Flavonoid intake is inversely associated with obesity and C-reactive protein, a marker for inflammation, in US adults


Recent studies have demonstrated the importance of flavonoid intake and disease risk, however the association between flavonoid intake and obesity has not been evaluated in a nationally representative sample of US adults. The objective of the study was to evaluate the association between flavonoid consumption and established risk factors for obesity and obesity-related inflammation. Data from a nationally representative sample of 9551 adults who participated in the 2005–2008 National Health and Nutrition Examination Survey (NHANES) were analyzed. Flavonoid consumption was inversely associated with obesity in both men and women in multivariate models. Adults in the highest quartile of flavonoid intake had significantly lower body mass index and waist circumference than those in the lowest quartile of flavonoid intake (P<0.03 and P<0.04, respectively), and flavonoid intake was inversely related to C-reactive protein levels in women (p-trend, 0.01). These findings support a growing body of laboratory evidence that flavonoid consumption may be beneficial for disease prevention.

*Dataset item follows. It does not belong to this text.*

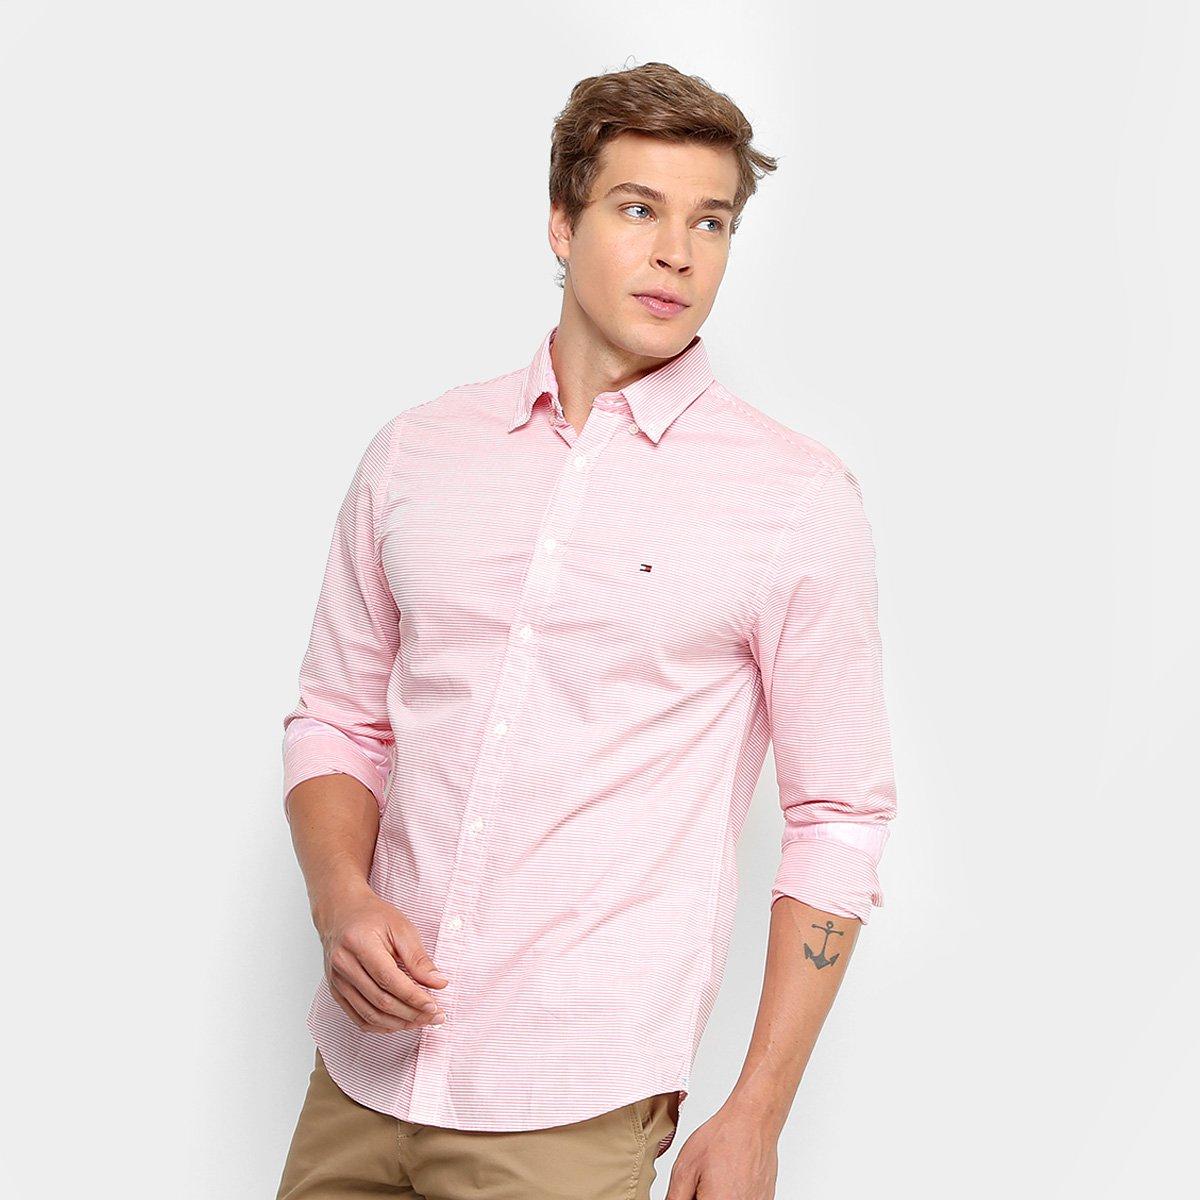 Camisa social tommy hilfiger manga longa lisa masculina compre jpg  1200x1200 Blusa estilo social 5262e77604425
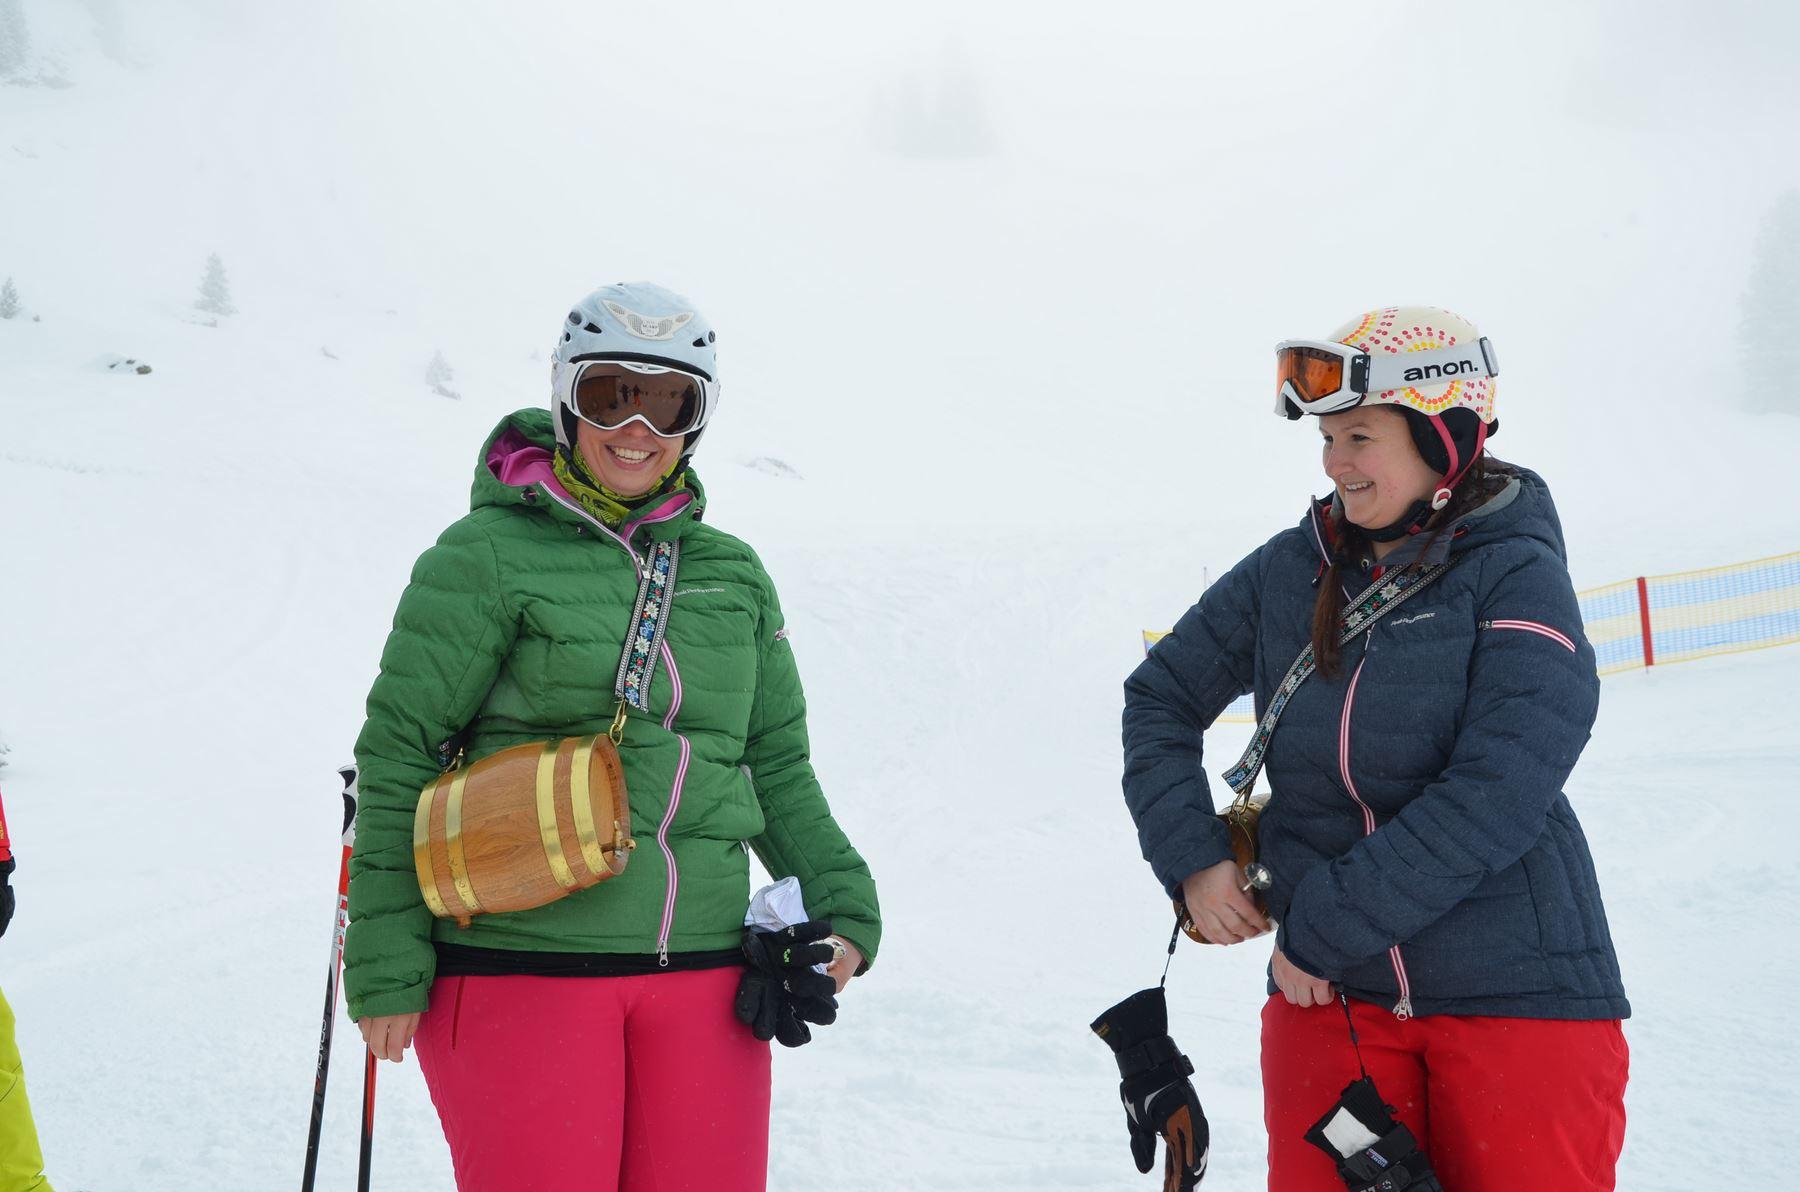 2015-03-22 BV Zillertal Skirennen 003.JPG

Over the past few decades, the rates of obesity have risen markedly.1 Overweight and obesity have been identified as risk factors for several diseases, including cardiovascular disease, diabetes and cancer. Survey data from large, nationally representative samples of US individuals can provide insight into trends that have potentially contributed to this increase in obesity. Data from the National Health and Nutrition Examination Surveys (NHANES) have shown that although there have been no substantial changes in eating frequency, snacking behaviors or overall energy intake among US adults, there have been significant changes in macronutrient distribution and beverage consumption, suggesting that specific dietary patterns, such as increased intake of carbohydrates and sugar-sweetened beverages, may influence weight status.2, 3, 4

Flavonoid consumption has been linked to a decrease in risk for: stroke;5 cardiovascular disease;6, 7 asthma;8 and some cancers.9, 10, 11, 12, 13, 14 The majority of studies on the relationship between flavonoid intake and obesity have focused on intake of specific flavonoids subtypes and body mass index or weight gain15, 16 or lipid metabolism;17 with very few assessing the relationship between overall flavonoid intake and obesity. The objective of this study was to determine the relationship between flavonoid consumption and obesity in a representative sample of 9551 US adults. Using NHANES data, the association of flavonoid consumption and multiple markers for obesity including: body mass index (BMI), waist circumference and C-reactive protein were explored.

Materials and methods

Data source

NHANES is a large, cross-sectional survey conducted by National Center for Health Statistics. NHANES is designed to monitor the health and nutritional status of non-institutionalized civilians in the US; nationally representative survey and physical data are collected on a continual basis and released in two-year increments. Complete details regarding the NHANES sampling methodology, data collection, and interview process are available on the NHANES website (http://www.cdc.gov/nchs/nhanes.htm). Written consent is obtained from all NHANES participants. Data from the 2005–2008 survey cycles were combined for this study. The present study was approved by the Institutional Review Board at the Pennsylvania State University.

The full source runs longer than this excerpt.